Reduce, Reuse And Recycle

The motto “Reduce, Reuse, and Recycle” is a familiar call for those who care about protecting the earth and conserving its resources. It is often seen in environmental literature and heard among those who seek to preserve the ecology of this fragile planet. As much as we may agree with the values of ecology, it can be overwhelming to establish policies and practices at a camp to actually carry out our good intentions.

Since it is often difficult to translate the motto into a business plan–particularly when it affects the limited financial resources of a camp–here are some practical suggestions that are both environmentally friendly and cost-effective.

Reuse

1. Get more use from printer and copier paper.

• Buy recycled paper and tell campers and guests that everything is printed on this type of paper. Although it may be slightly more expensive, the cost will decrease as more and more people use the paper.

• Use both sides of printer paper. Unless there is a lot of moisture in the camp office, printer paper can be reused for drafts of documents or internal memos.

• Cut used paper into 5½-inch by 4-inch scraps, and use it instead of printed memo paper or expensive sticky notes. Attach them with reusable paper clips.

2. Promote donations of used items.

• Collect all the gently used donations you can’t use, and hold a yard sale at an open house or a local community event. Use the money for camperships or to purchase recycling bins.

• Promote the event and invite friends of the camp to donate items, or they can set up their own booth for a small fee.

3. Keep equipment in good repair.

Although the immediate cost of a repair may seem daunting, the long-range savings make it worthwhile. Not only will it save the expense of new equipment, but it will save that old equipment from taking up space in a landfill.

• Look into bartering. Perhaps a nearby school, camp or business has equipment you need once or twice a year, and you have equipment they can use occasionally. Then share the upkeep of thee equipment.

Visit www.earth911.com/recycling

4. Eliminate Styrofoam and plastic bottles.

Both are expected to stay in landfills for up to a million years before breaking down!

• Carry a coffee mug or water bottle, and encourage staff members to do the same. Model this behavior at community meetings or presentations. This is a simple step for those interested in saving the earth’s resources.

• Encourage campers to bring a water bottle to camp–or to buy one at the camp store–to reuse often. Make arrangements to wash the bottles during the week–perhaps during one meal before the dishes come back. Educate campers about the landfill realities of plastic bottles as part of their orientation to camp.

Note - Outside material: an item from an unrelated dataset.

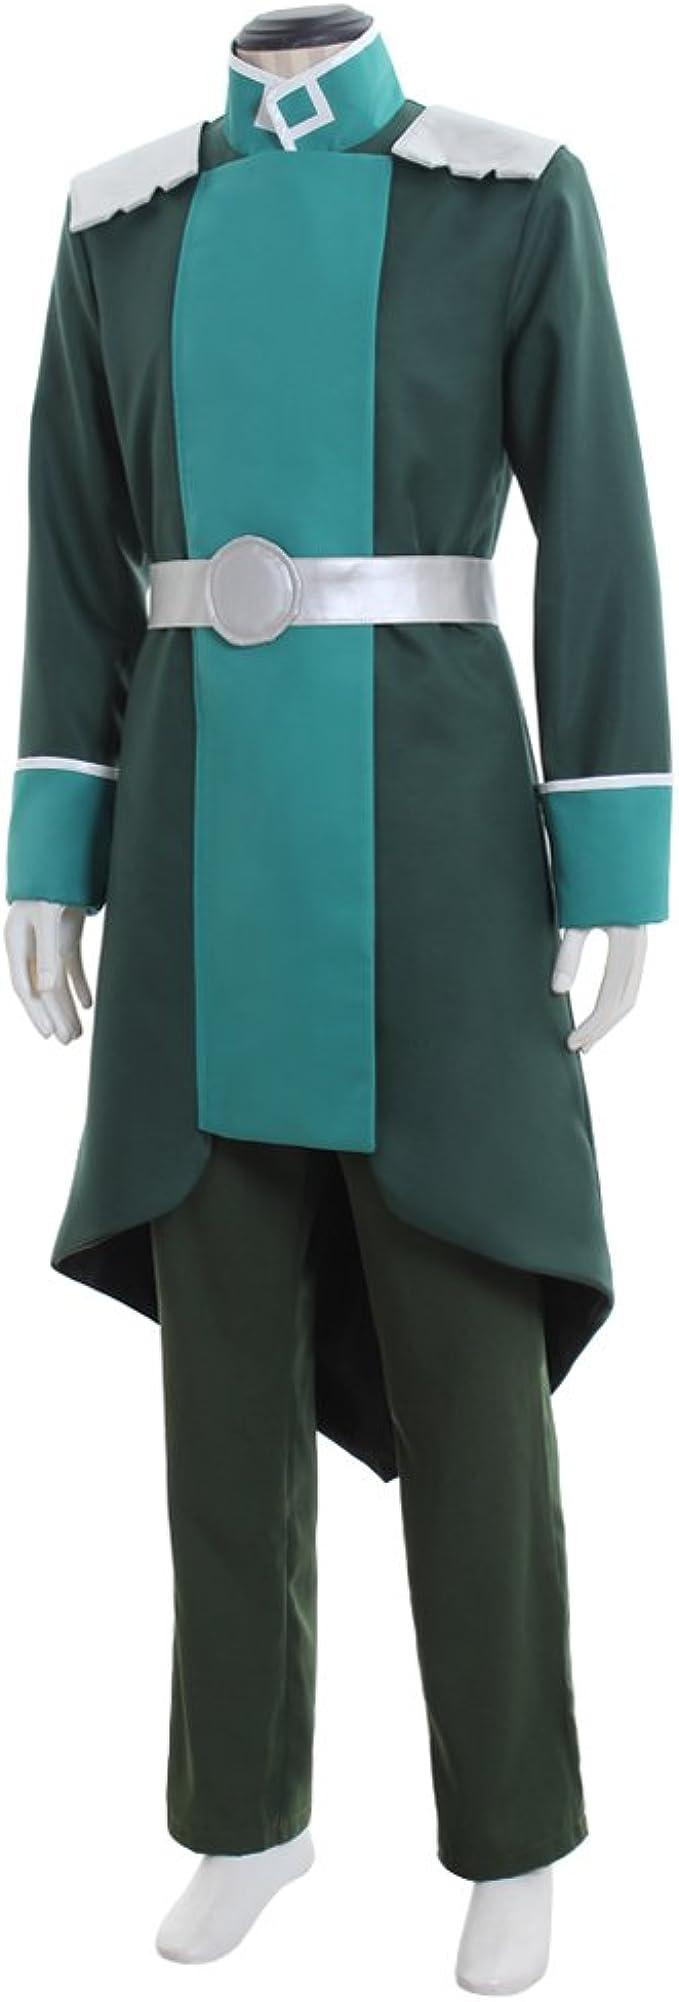 CosplayDiy Men's Suit for Avatar Bolin Cosplay Costume: Clothing - Amazon.com
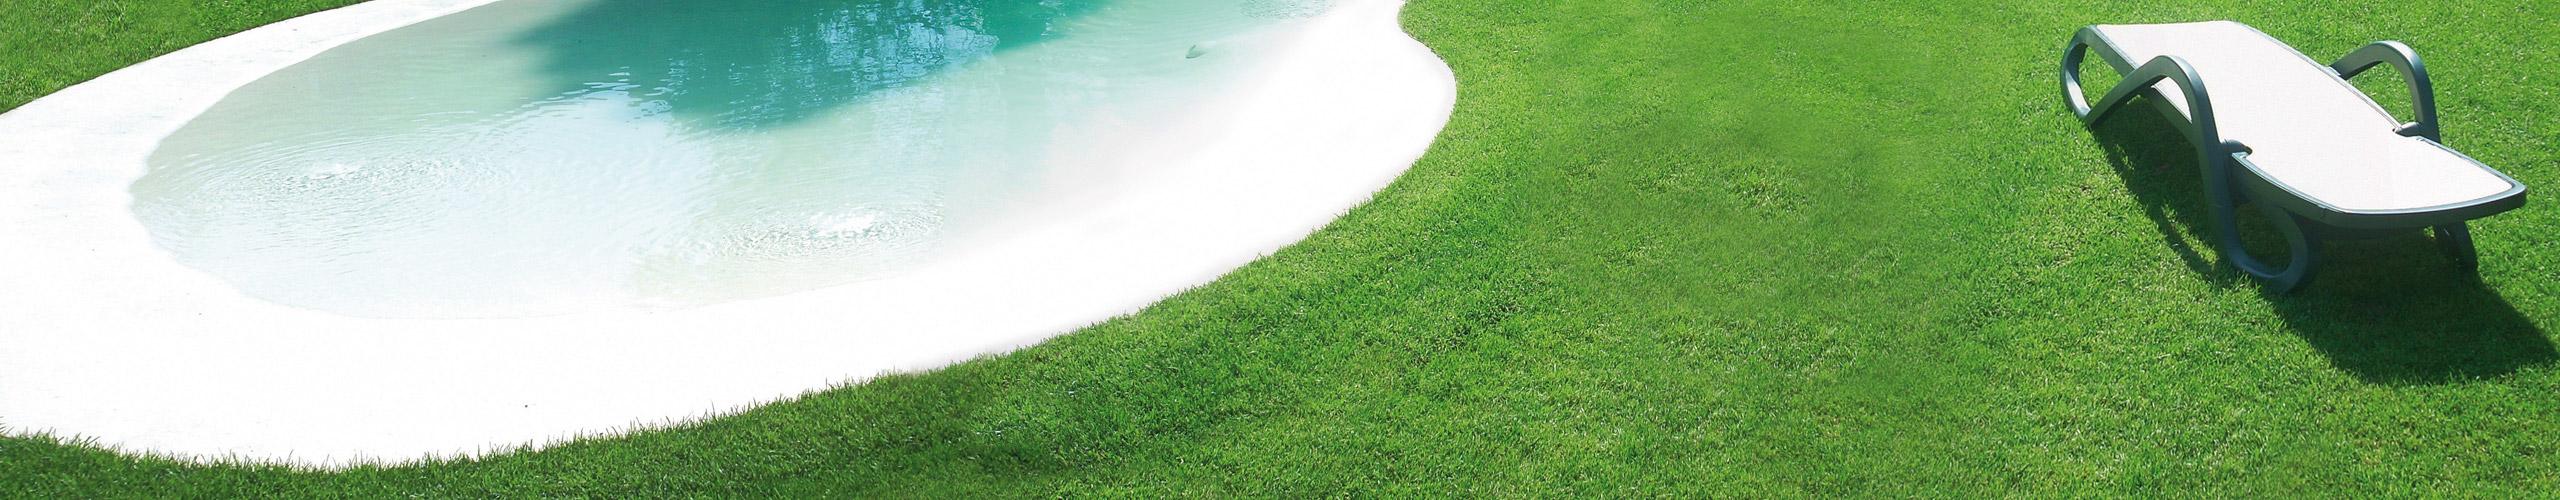 piscine biodesign valleirno piscine. Black Bedroom Furniture Sets. Home Design Ideas

• Invite off-season guests to bring their own cup or bottle, or to mark one of the camp’s bottles for use during the event. Think of how many times people only use a cup or glass once and then get a fresh one because they don’t know where the first one is. Again, remind guests they can continue to make this same effort at home. Post information about the long life of plastic and Styrofoam and their effect upon landfills.

Visit www.roanokeva.gov/85256A8D0062AF37/CurrentBaseLink/N256GLAY683KROEEN. Click on “Life of Litter.”

Reduce

5. Buy products with less packaging and/or packaging made with recycled content.

Pay attention to the packaging on products. How much plastic is used to protect the product? Recycle cardboard packaging.

• One advantage camps have is the ability to buy in bulk. Encourage the food-service director to make bulk purchases whenever possible.

Visit www.epa.gov/epawaste/conserve/rrr/index.htm

6. Eliminate disposable products.

Go for reusable, fixable and washable items.

• Replace paper napkins with cloth ones in the dining room. Although this may be a costly one-time purchase, the money–and trees–saved will be considerable.